Define
$$C_k = \{n \in \mathbb{Z}: n > \max(k, 0) \text{ }\text{and}\text{ }a^{n - k + 1} \equiv a \pmod{n} \text{ }\text{for all} \text{ } a \in \mathbb{Z}\}$$
Thus it's easy to see that when $k = 1$, $C_1$ consists of all of the prime numbers and Carmichael numbers.
Now for squarefree $k \geqslant 1$, we define the generalized Carmichael numbers as
$$N_k = C_k - \left\{kp: p \equiv 1 \mod{\left(\dfrac{\lambda(k)}{\gcd(\lambda(k), k)}\right)} \right\} $$
where $\lambda(k)$ is the Carmichael function. For the other values of $k$, we let $N_k = C_k$.
Notice that $N_1$ coincides with the set of Carmichael numbers. We interpret $N_k$ as a type of generalized Carmichael numbers since they do not exhibit a nice pattern with respect to the set of primes.

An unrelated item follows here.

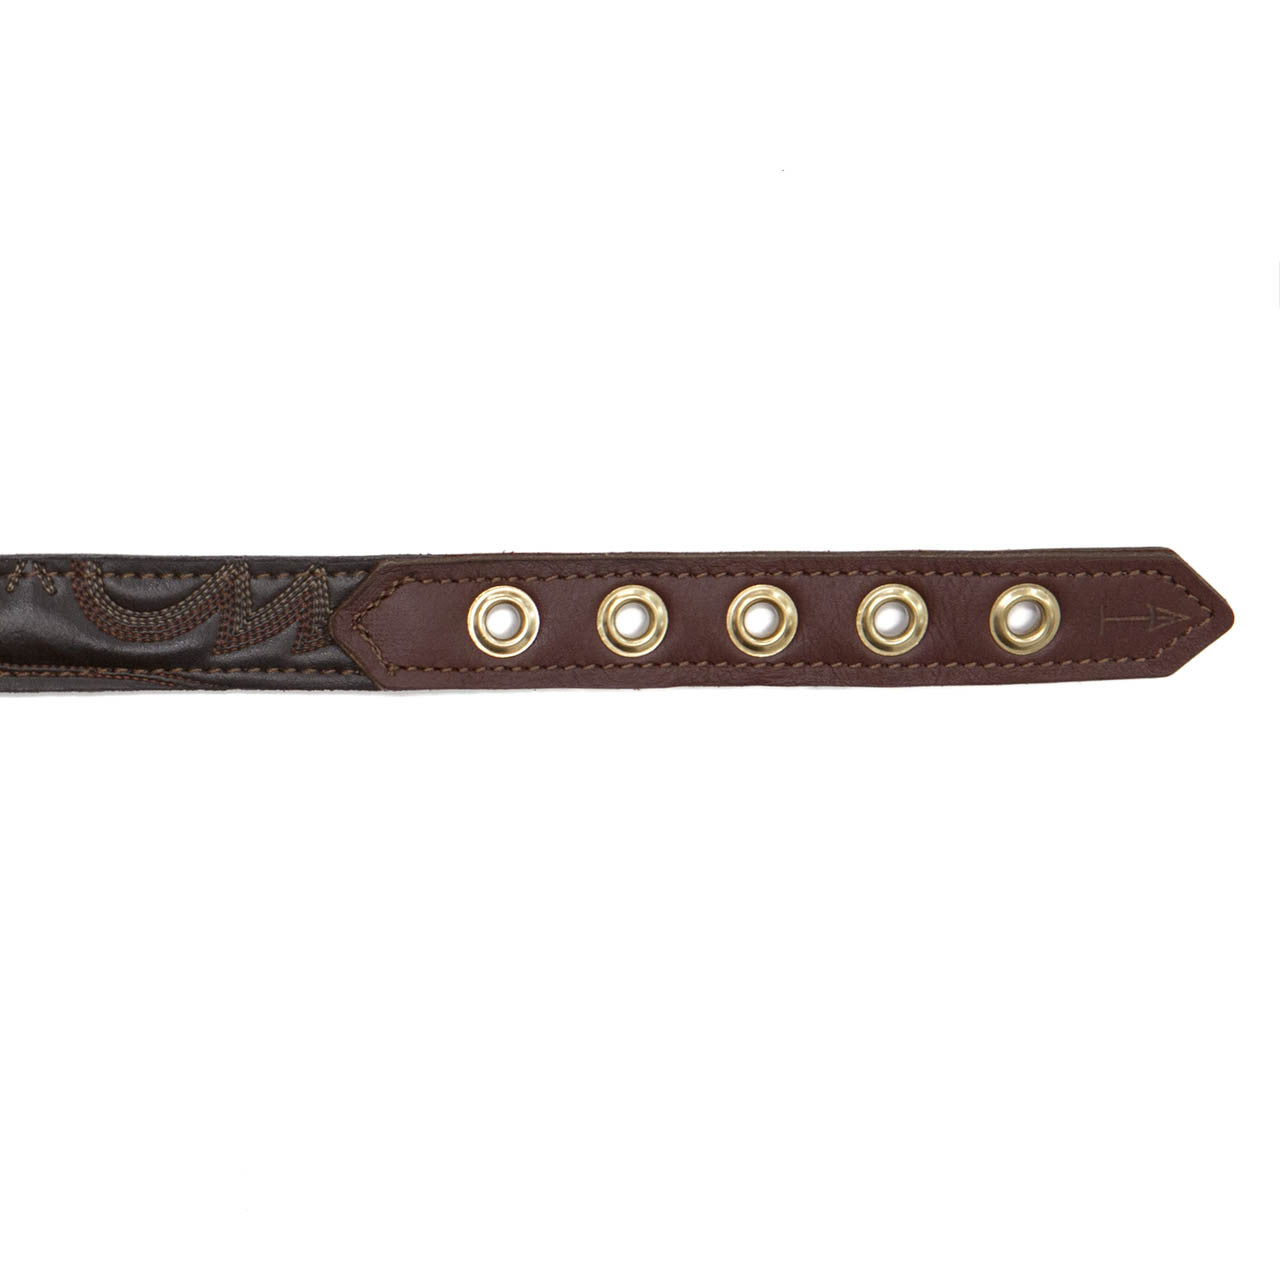 Mahogany Brown Dog Collar with Dark Brown Leather + Tan/Light Rust Stitching (clasp)

Next, we consider the growth rate of the counting functions
$$C_k(X) \text{ } = \text{ }\mid C_k \text{ } \cap \text{ } (0,X\text{}] \text{ } \mid \quad \text{and} \quad N_k(X) \text{ } = \text{ }\mid N_k \text{ } \cap \text{ } (0,X\text{}] \text{ } \mid $$
Now my conjecture is as follows: For all $k \in \mathbb{Z}$, we have
$$\lim_{X \to \infty} \dfrac{N_{-k}}{N_{k}} = 1$$
I have tested this conjectures by Graphing. I have also observed that for the same value of $X$, $N_k(X)$ tends to be bigger when k is squarefree and has many prime factors. I don't have any rigorous proof for the same. Any Idea how to prove it? Thanks.